With some trial and error I’ve made it so that the python script generates the appropriate markdown elements inline with how I want it to look. That file can be taken in lock stock and barrel into the content portion of my website. This results in the following page.
At present I’m just copying it into the file but if I wanted to completely automate this I would have the python script execute in a pipeline and automatically write to the appropriate file in my websites repository. Maybe I’ll loop back around one day and do this but today is not that day.
Now I’m going to touch some grass and so should you!!!
Script Update
Future William here fixing past Williams mistakes. After a few weeks this is what my custom page looked like…
Looks so professional right?! Look at me and my personal website that is completely broken, I’m so skilled at code!
Some of you may already know what the problem is given the method I went with in the post above. But for those at the back that missed it the image URL that I’m pulling contains within it a token that allows access to get the image. This token obviously expires after a given period of time.
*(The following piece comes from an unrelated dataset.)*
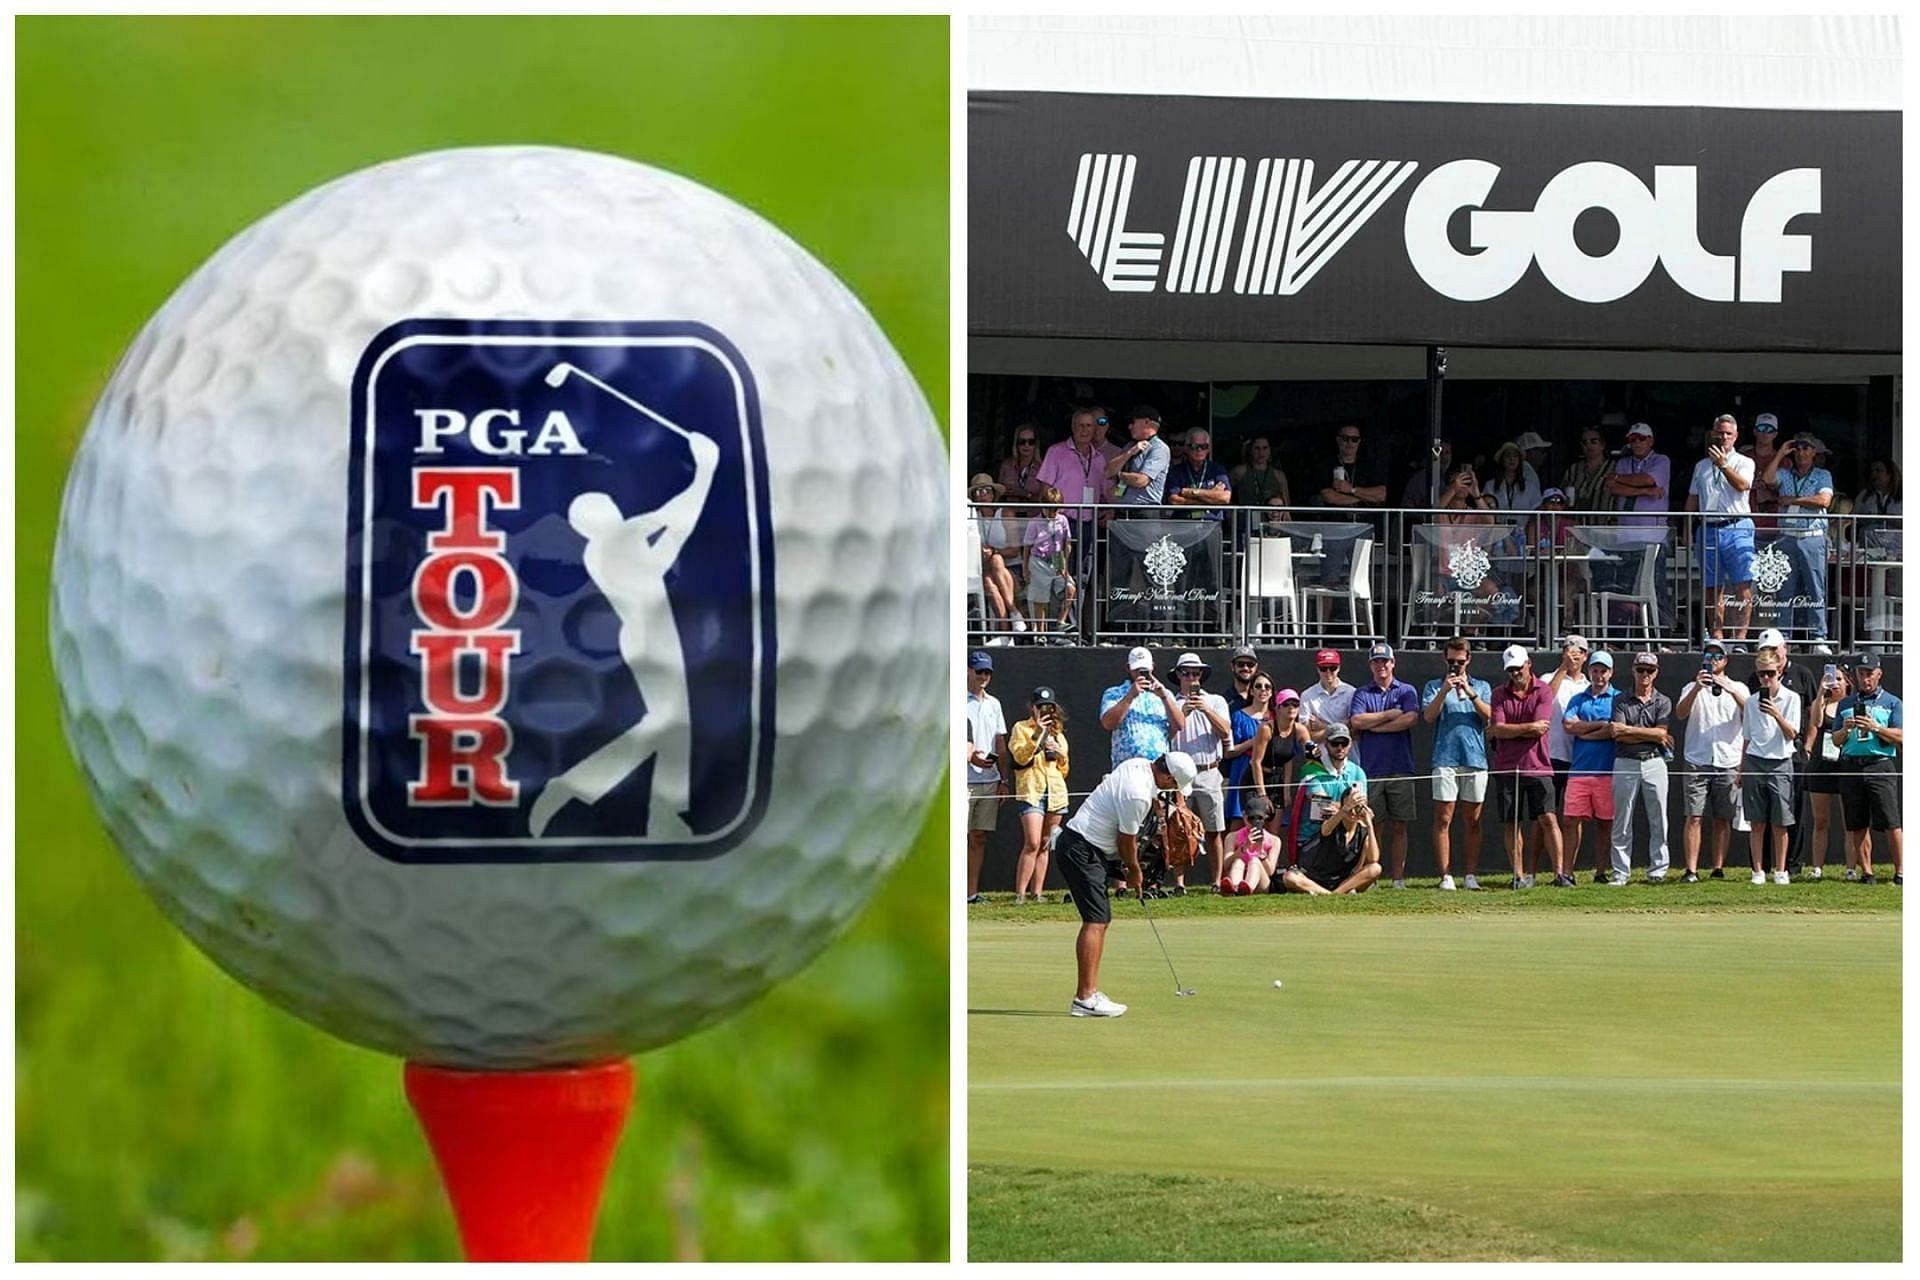 PGA Tour x LIV Golf deal to be delayed as players demand more power

I did suspect that this would happen resulting in the links to the images breaking but wanted to test to see if it actually would… and it did 😁
To solve this I’ve gone ahead and expanded my scripts functionality to download the image with the discovered URL.
import urllib.request as get_image
def __save_image(self, badge_title, image_url):
try:
image_path = os.path.join(f'./badge_images/', f'{badge_title}.png')
get_image.urlretrieve(image_url, image_path)
return image_path
except BaseException as e:
print(e)
The image is saved and the location of the image is passed back instead of the URL. This then seamlessly plugs into the page generation function I have written. Now it looks so pretty again and will never ever break again… right?